Photo by Ferran Feixas on Unsplash
Clean Agile - Notes from the book Clean Agile by Robert C. Martin -
Here are my knowledge nuggets from the book Clean Agile by Robert C. Martin.
Iron Cross of Project Management
The idea is that you can only choose 3/4 characteristics and you cannot have the 4th one. For example, a project can be good+fast+done, but it won't be cheap. Or the project can be cheap+fast+done, but it won't be good.
Agile is all about data
You need to continuously gather data to make accurate predictions about the project end date and how best to set the coefficients of the Iron Cross.
Data to gather includes:
average velocity = how many story points the team achieves in 1 iteration.
burn-down chart = the remaining story points in a sprint.
Average Velocity -> Calculated Completion Date
Use the first 4-5 iterations' average velocity to make the first prediction on when the project is done.
Continuously use this data to verify the project's completion date.
Due to business reasons, there is an urgency to finish the project before the calculated completion date. In this case, the project manager might look at the Iron Cross coefficients and tweak them to gain speed.
be faster: add more people to the project (! first drop in speed until the developers get accustomed to the project, then increased speed)
reduce quality (! it should be avoided – the only way to go fast is to go well)
reducing scope: some features are taken out.

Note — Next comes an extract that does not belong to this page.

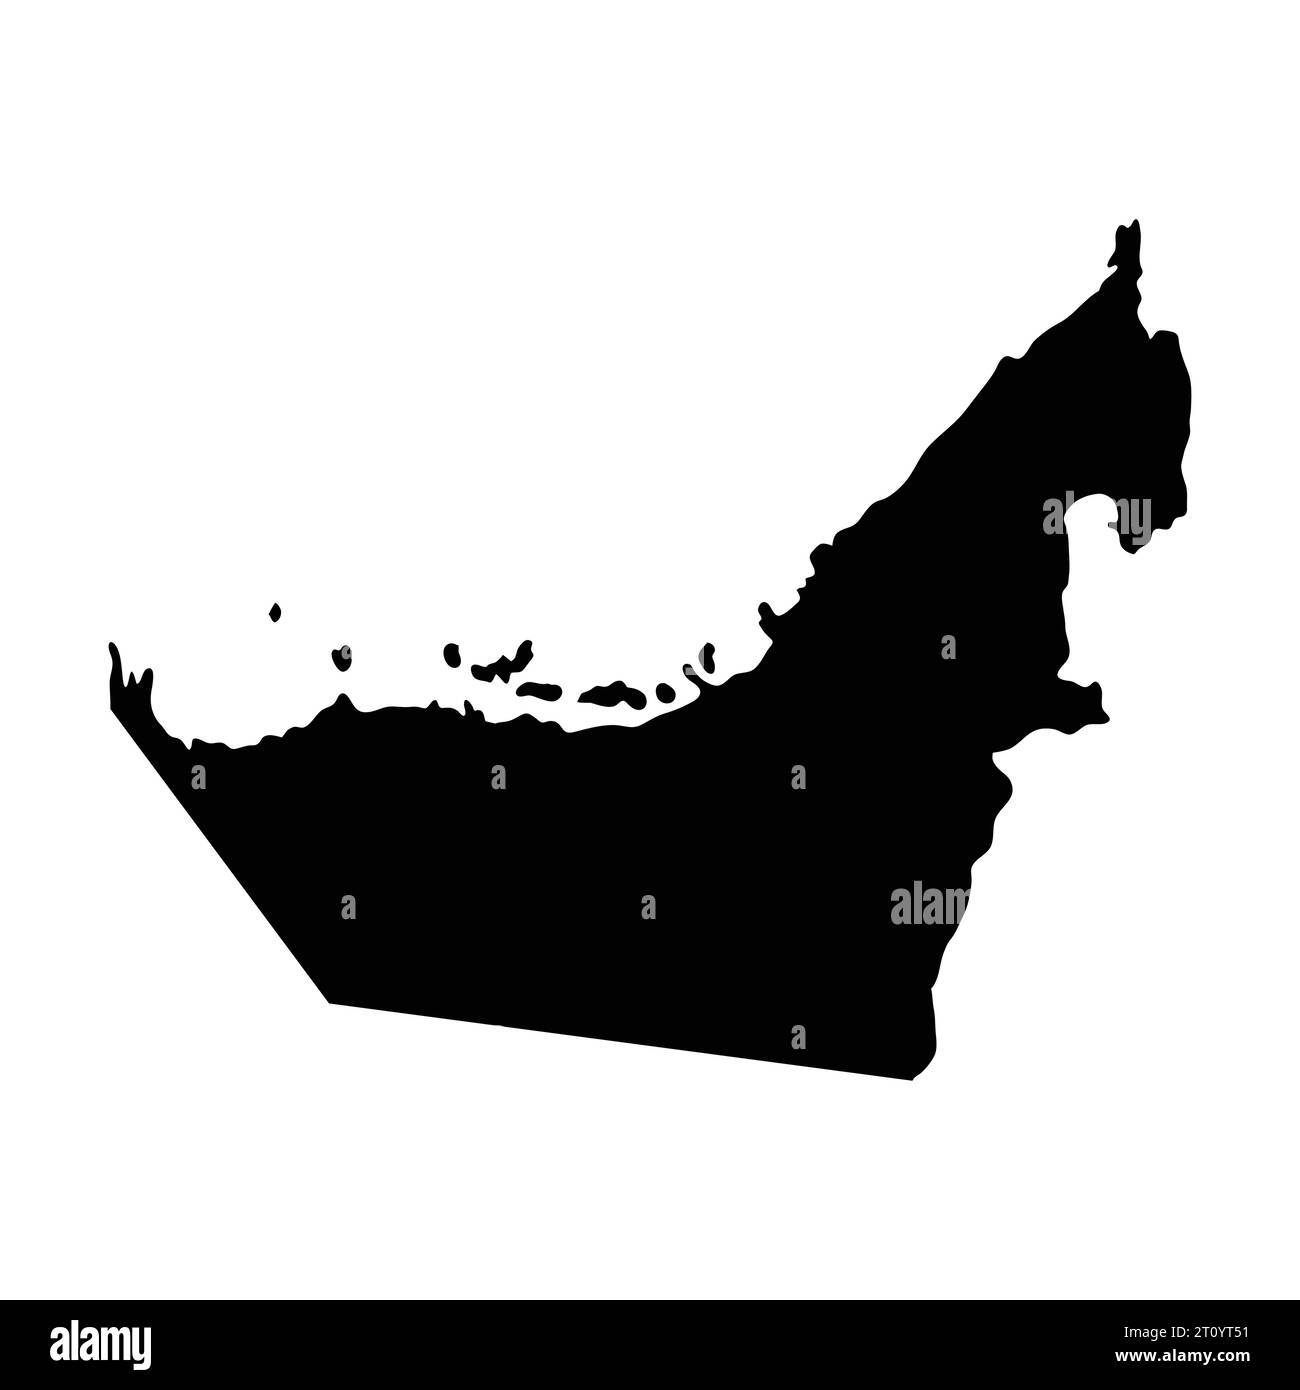 Vereinigte arabische emirate Inselkarte Silhouette Region Territory, schwarze Form Stil Illustration Stock Vektor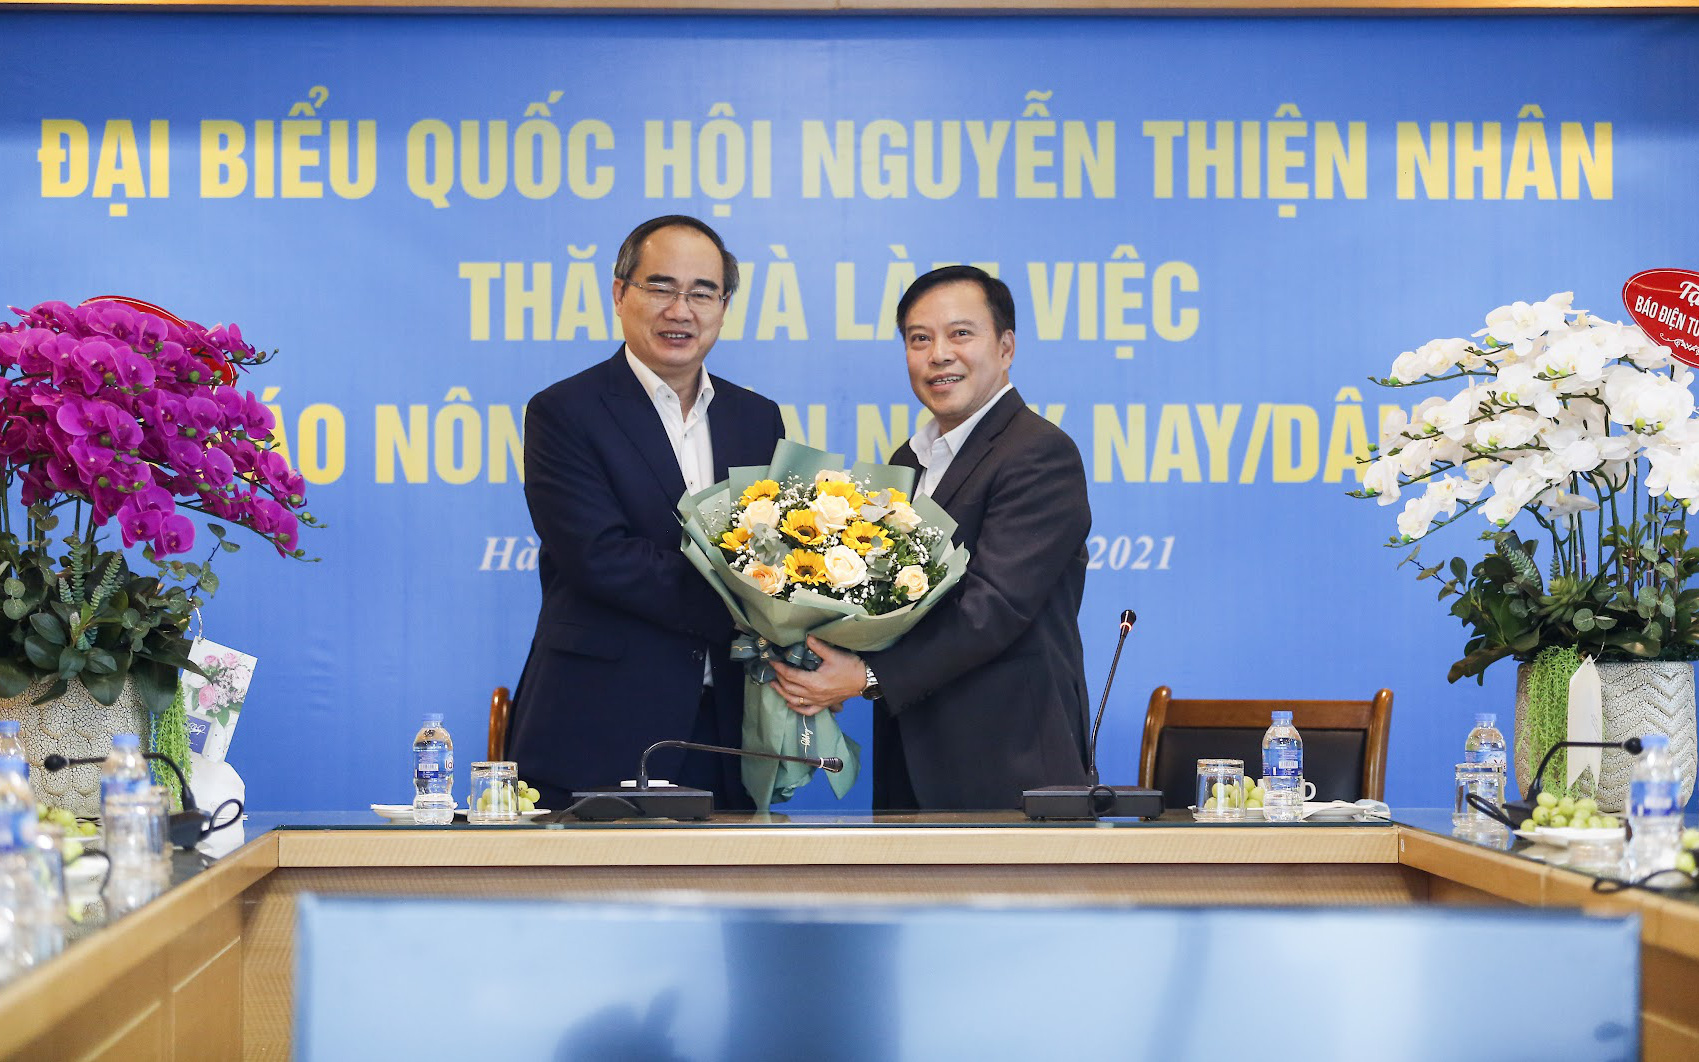 Nguyên Uỷ viên Bộ Chính trị Nguyễn Thiện Nhân: Chúc Báo NTNN trở thành địa chỉ tin cậy của tất cả người dân Việt Nam

business value order: reset the priority of the feature that need to be implemented.
Sprint vs. Iteration
The 1-2 week(s) units during which the team works on stories should be called iteration and not sprint. The meaning of the word iteration reflects more the idea that after 1-2 weeks we need to have another working version of the application.
The meaning of the word sprint gives the working unit an underlying feeling of urgency – that stories and tasks must be finished as fast as possible.
Working on the project is a marathon, not a sprint.
Iteration 0
lay out the initial plan
estimate stories
set up the development environment (dependencies, package manager etc.)
set up CI/CD from beginning
XP - The Circle of Life
Outer Ring = Business-facing practices of XP
Planning Game = break down a project into features, stories, and tasks; it provides guidance for the estimation, prioritization, and scheduling of those features, stories, and tasks.
Small Release = guides the team to work in bite-sized chunks.
Acceptance Tests = provide the definition of "done" for features, stories, and tasks.
Whole Team = a development team is composed of many different functions, including programmers, testers, and managers, who all work together towards the same goal.
Middle Ring = Team-facing practices of XP
Sustainable Pace
Marathon Pace; a practice that keeps the development team from burning their resources too quickly and running out of steam before the finish line; developer should not work more than 40h/week.
well-tested, continuously integrated, continuously deployed code
Collective Ownership = ensure that knowledge silos do not occur
Continuous Integration = continuously integrate your feature to the main code to close the feedback loop
Metaphor = practice that creates and promulgates the vocabulary of the business, adopted by the team to communicate.
Inner Ring = Programmer-facing practices of XP
Pairing = it ensures that knowledge is shared and there is collaboration that drives innovation and accuracy
Simple Design = writing simple code should be the goal; the developer continuously evaluate whether there is an easier/simpler way to introduce the same functionality.